During the third quarter of 2015, Altria Group, Inc.’s Board of Directors (the “Board of Directors”) approved an 8.7% increase in the quarterly dividend rate to $0.565 per common share versus the previous rate of $0.52 per common share. The current annualized dividend rate is $2.26 per Altria Group, Inc. common share. Future dividend payments remain subject to the discretion of the Board of Directors.

Altria Group, Inc.’s share repurchase activity was as follows:
 
 
For the Nine Months Ended September 30,
 
For the Three Months Ended September 30,
 
 
2015
 
2014
 
2015
 
2014
 
 
(in millions, except per share data)
Total number of shares repurchased
 
10.0

 
17.2

 
1.2

 
6.4

Aggregate cost of shares repurchased
 
$
518

 
$
679

 
$
63

 
$
275

Average price per share of shares repurchased
 
$
51.47

 
$
39.44

 
$
50.39

 
$
42.87



In April 2013, the Board of Directors authorized a $300 million share repurchase program and expanded it to $1.0 billion in August 2013 (as expanded, the “April 2013 share repurchase program”). During the three months ended September 30, 2014, Altria Group, Inc. completed the April 2013 share repurchase program, under which Altria Group, Inc. repurchased a total of 27.1 million shares of its common stock at an average price of $36.97 per share.

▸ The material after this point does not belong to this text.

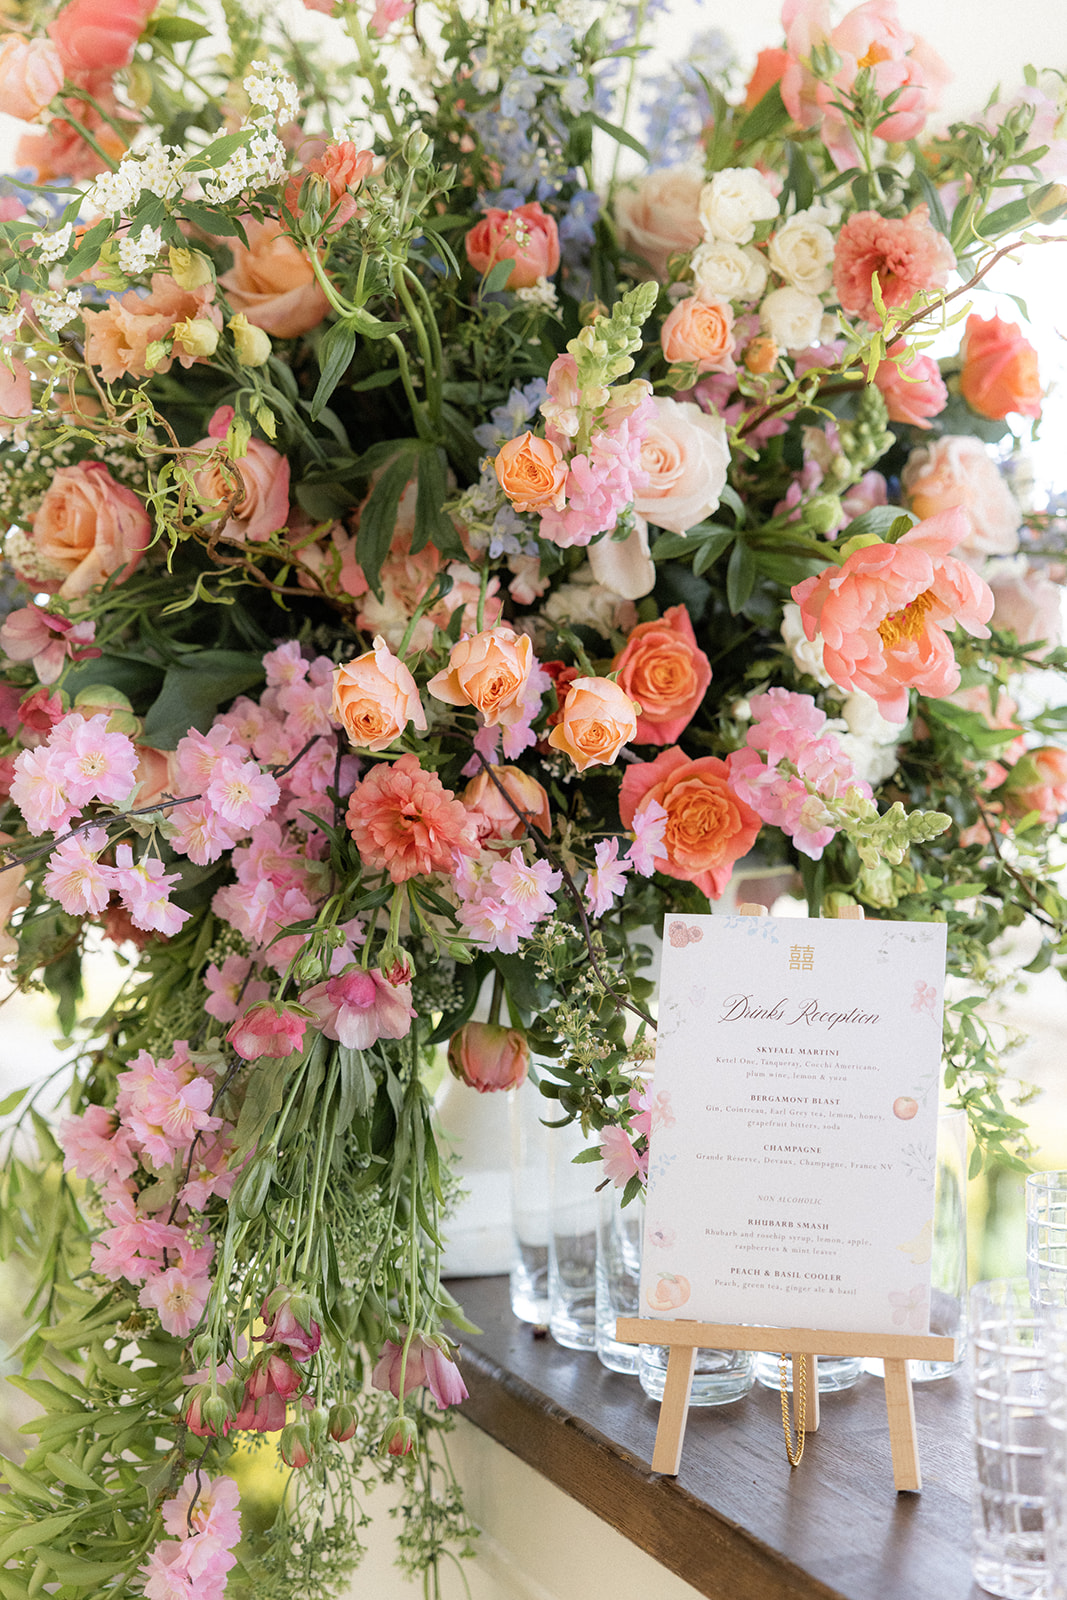 cocktail menu in front of floral display - wedding designer

In July 2014, the Board of Directors authorized a $1.0 billion share repurchase program (the “July 2014 share repurchase program”). During the three months ended September 30, 2015, Altria Group, Inc. repurchased 1.2 million shares of its common stock (at an aggregate cost of approximately $63 million, and at an average price of $50.39 per share), completing the July 2014 share repurchase program. Under this program, Altria Group, Inc. repurchased a total of 20.4 million shares of its common stock at an average price of $48.90 per share.

In July 2015, the Board of Directors authorized a new $1.0 billion share repurchase program. The timing of share repurchases under this program depends upon marketplace conditions and other factors, and the program remains subject to the discretion of the Board of Directors.

Basis of Presentation

The interim condensed consolidated financial statements of Altria Group, Inc. are unaudited. It is the opinion of Altria Group, Inc.’s management that all adjustments necessary for a fair statement of the interim results presented have been reflected in the interim condensed consolidated financial statements. All such adjustments were of a normal recurring nature. Net revenues and net earnings for any interim period are not necessarily indicative of results that may be expected for the entire year.

These statements should be read in conjunction with the consolidated financial statements and related notes, which appear in Altria Group, Inc.’s Annual Report on Form 10-K for the year ended December 31, 2014 (the “2014 Form 10-K”).